If you’ve spent any time in the psychology and self improvement sections of any bookstore, you know that Dan Ariely quite literally wrote the book on human irrationality. With bestsellers like Predictably Irrational and The Honest Truth About Dishonesty, Ariely is a go-to source for knowledge about why we do what we do, even when doing it just doesn’t make much sense.
Now Ariely, professor of psychology and behavioral economics at Duke University, has turned his attention to another topic that vexes the best of us: time management. He’s part of a team that created a smartphone app called Timeful, which I’d describe as an intuitive self-management tool that goes a few steps beyond typical schedulers and time planning apps. I recently spent some time chatting with Ariely about time management and related topics.
DiSalvo: Time management — we’re obsessed with it, yet we generally seem really bad at mastering it. Where do you think people often fail in getting it right?

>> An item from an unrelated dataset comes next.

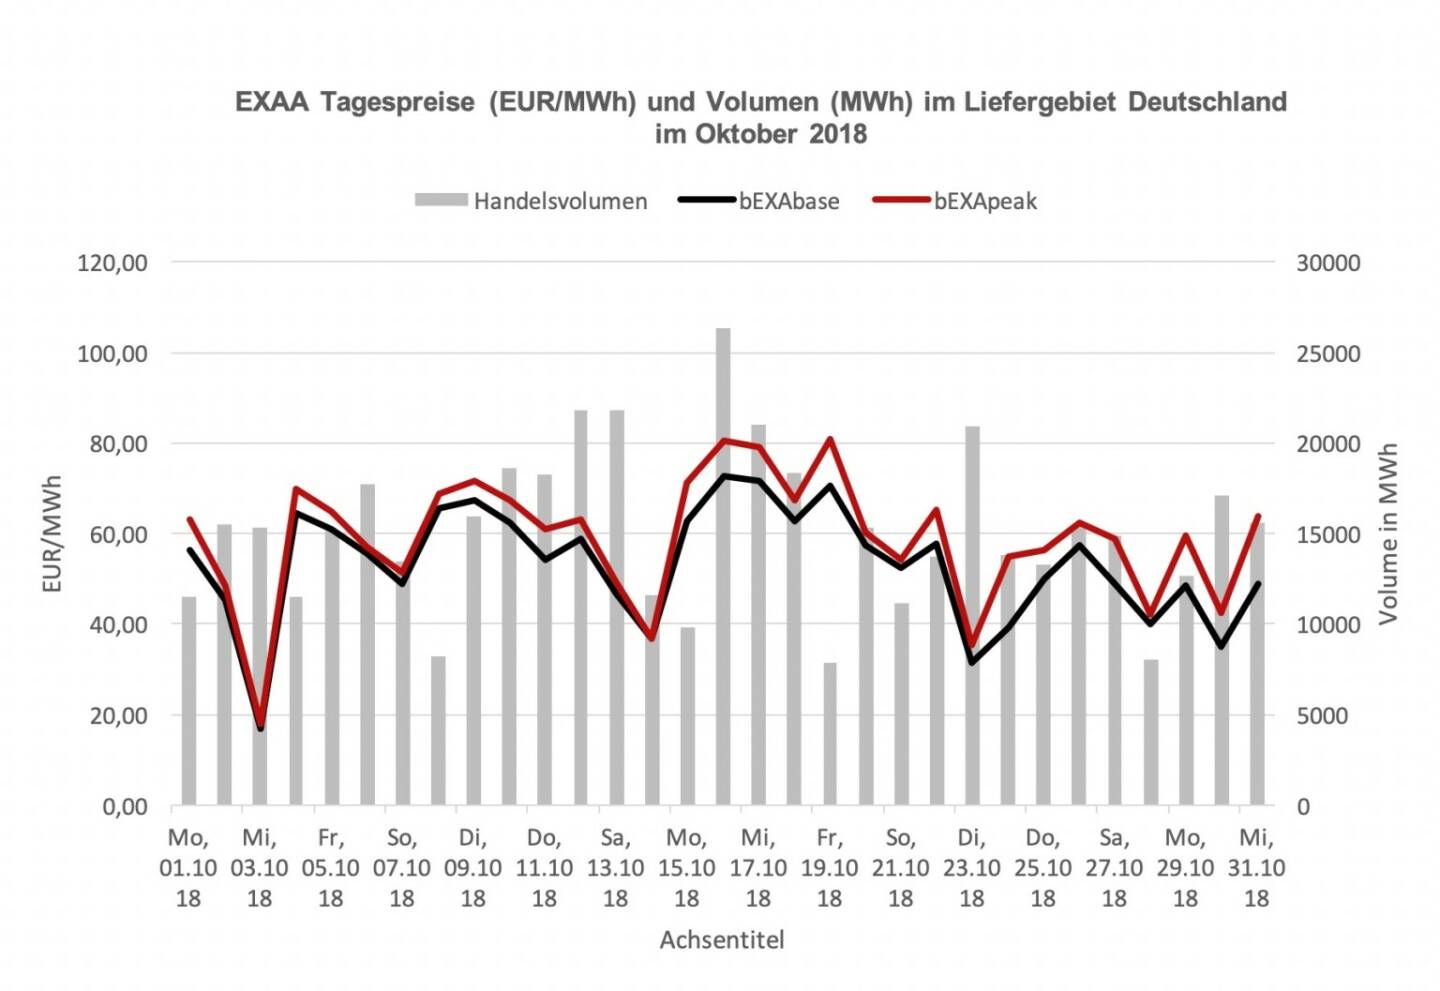 EXAA Tagespreise (EUR/MWh) und Volumen (MWh) im Liefergebiet Deutschland  im Oktober 2018

Ariely: I think we are obsessed with time management precisely because we are so bad at it, but the reality is it’s no wonder we are bad at it because it’s a really, really hard thing to do. Not only is it hard to manage multiple things, but you also have dynamic changes throughout the day in which you have some hours where you are more alert and have high cognitive capacity and some hours where you are more tired. And then things change dynamically like deadlines or additional requests come in, so the prioritization problem is incredibly hard. In fact, I think it’s not humanly possible. So what do we do? We do our best. We say “Ok, what’s the next best thing to do?”
And is technology helping or hurting us in this regard?
Technology is actually making things worse. For example, take a To Do list. I personally have over 729 things on my list in Evernote, and one of those To Dos is to go in and organize all of other things and figure out what I should do and what I should abandon. The problem is that it’s such a big task, it’s probably not going to happen. The world is rich, there are lots of things we can do, and we have an easier and easier time of putting things on our plate, and searching through all of those things and figuring out what is the next best thing to do is incredibly tough. We do a terrible job at it and the consequences are that we are stressed, unhappy and not as productive as we could be.
Which explains why when I talk to people about how they manage their time, the overriding vibe I get is stress. Figuring out how to make best use of time is stressful, and dwelling on that, it seems to me, can become its own time-consuming monster.
If you were a farmer and worked from sunrise to sunset, and farming includes very basic things to do with no real questions, life would be very simple. But we live in an incredibly wonderful age with lots of things vying for our time, more than we can handle, and on top of that we aren’t limited to sunrise to sunset. All of this richness, while wonderful, also creates very strong constraints.